# Data Extraction


---


**Mentor:**
  - ***Professor Richard Sowers***, Department of Industrial and Systems Engineering, University of Illinois at Urbana-Champaign (UIUC).

**Group Members:**
  - ***Advika Pattiwar*** (linkedin.com/in/advika-pattiwar)
  - ***Dhruv Borda*** (linkedin.com/thebordadhruv)
  - ***Hrithik Rathi*** (linkedin.com/in/hrithik-rathi)
  - ***Suvrata Gayathri Kappagantula*** (linkedin.com/in/gayathrikappagantula)


---


In this project, we will be working with two datasets: a debugging dataset and a working dataset. It's important to understand their characteristics and how we will handle them.

**Primary Goals:**

In this project, we will be working with two datasets: a debugging dataset and a working dataset. It's important to understand their characteristics and how we will handle them.

1. **Debugging Dataset**
   - The debugging dataset is intentionally kept small. It's designed for testing our code efficiently, and reasonable code should run on it in about 2 minutes.

2. **Working Dataset**
   - The working dataset, on the other hand, is the main dataset we'll use for our project. It's larger and more representative of the problem we're tackling.
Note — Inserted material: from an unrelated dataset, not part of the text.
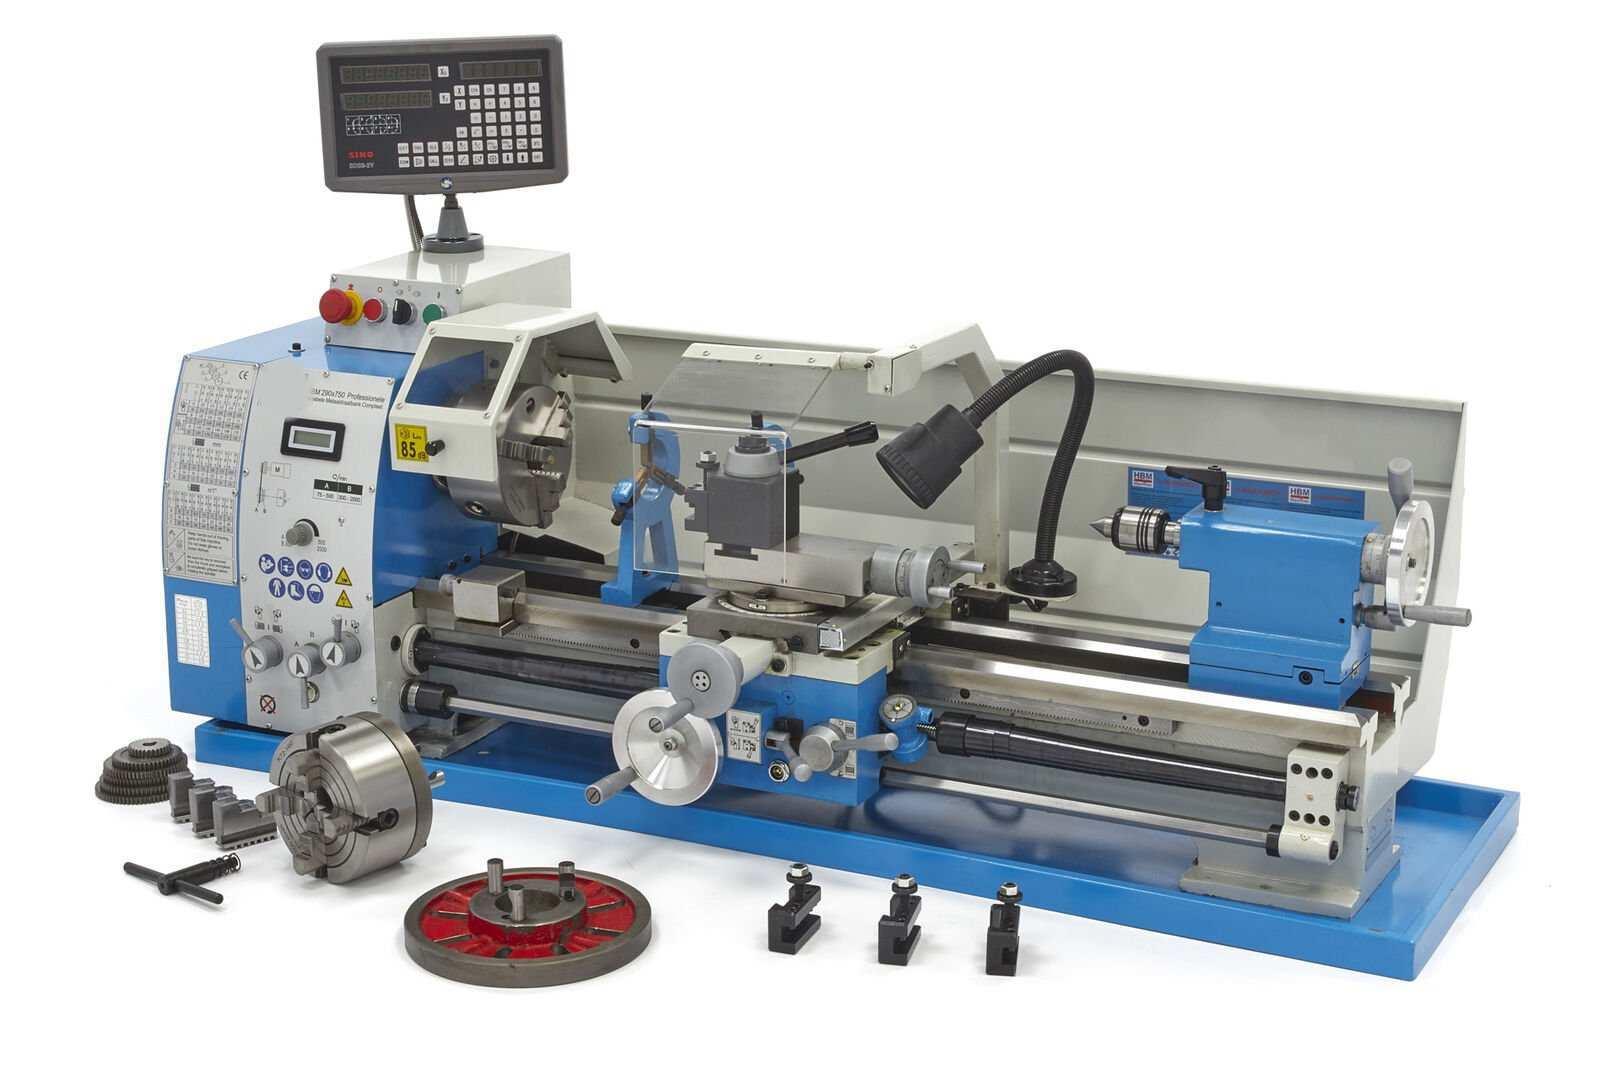 Drehmaschine 290 V F Dro Zur Metallbearbe Ink

However, we need to ensure that training on this dataset doesn't take excessively long, ideally, no more than 40 minutes.
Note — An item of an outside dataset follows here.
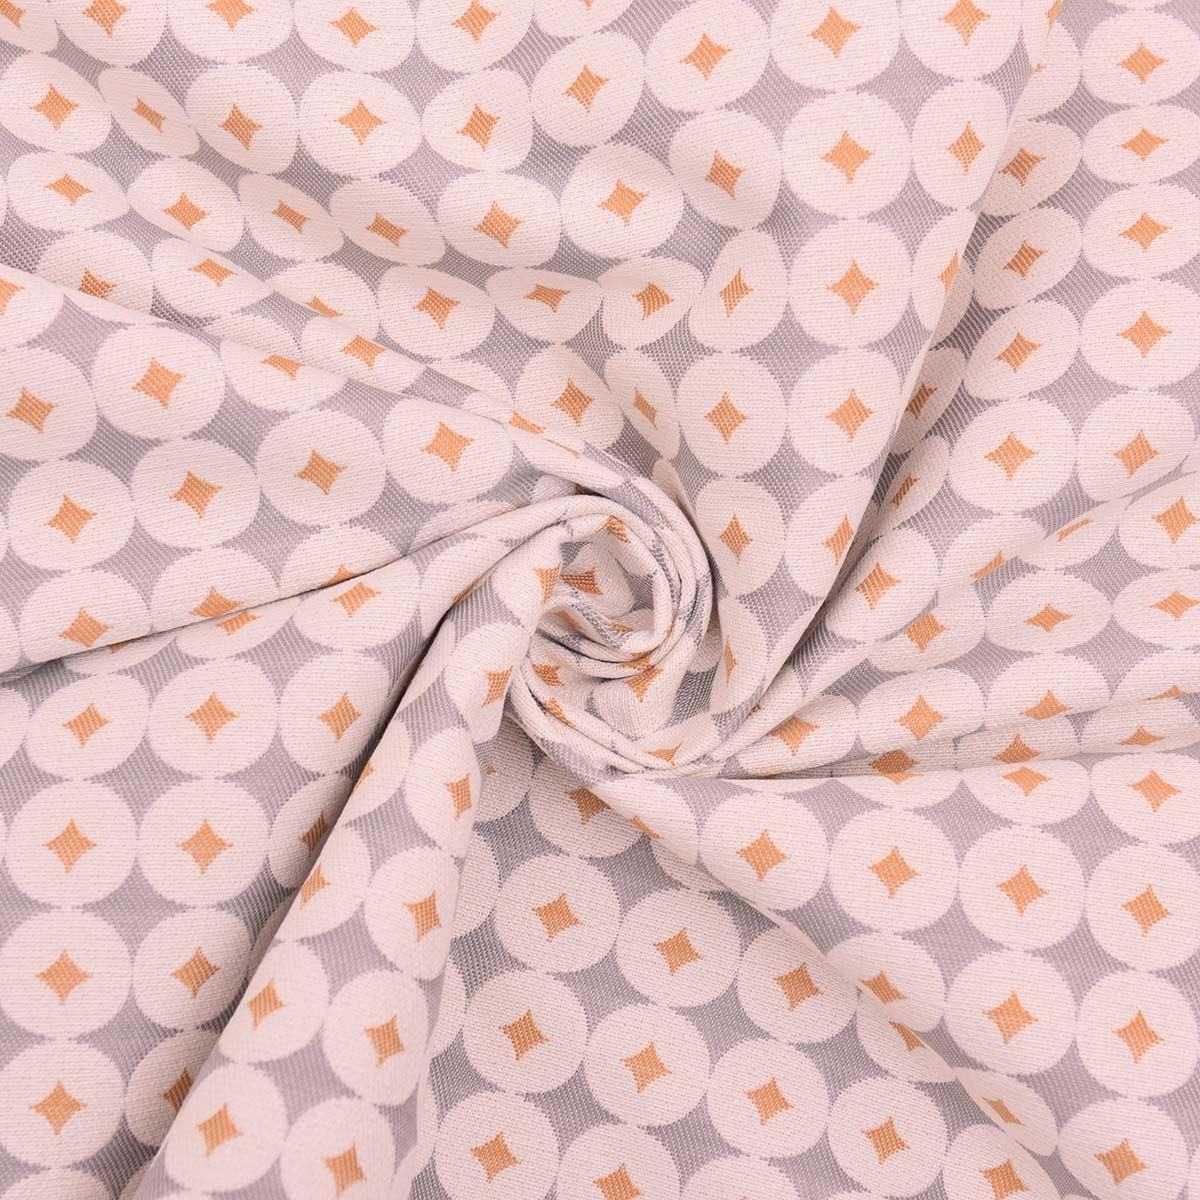 Retro Diamond Circle Luxury Thick Sofa Seating Curtain Upholstery Fabric

3. **Data Conversion to Pandas**
   - To start our project, we'll convert both datasets into Pandas DataFrames for ease of manipulation and analysis. Additionally, we'll pay special attention to datetime columns and convert them into Pandas timestamps. This conversion will enable us to work with time deltas and perform various time-related operations seamlessly.

4. **Data Serialization with Pickle**
   - To optimize data loading and storage, we'll use the [`pandas.DataFrame.to_pickle`](https://pandas.pydata.org/docs/reference/api/pandas.DataFrame.to_pickle.html) method. This allows us to serialize our data into a binary file format, which can be loaded much faster and efficiently, while preserving the correct data types.

In [None]:
!pip install boto3

Collecting boto3
  Downloading boto3-1.29.6-py3-none-any.whl (135 kB)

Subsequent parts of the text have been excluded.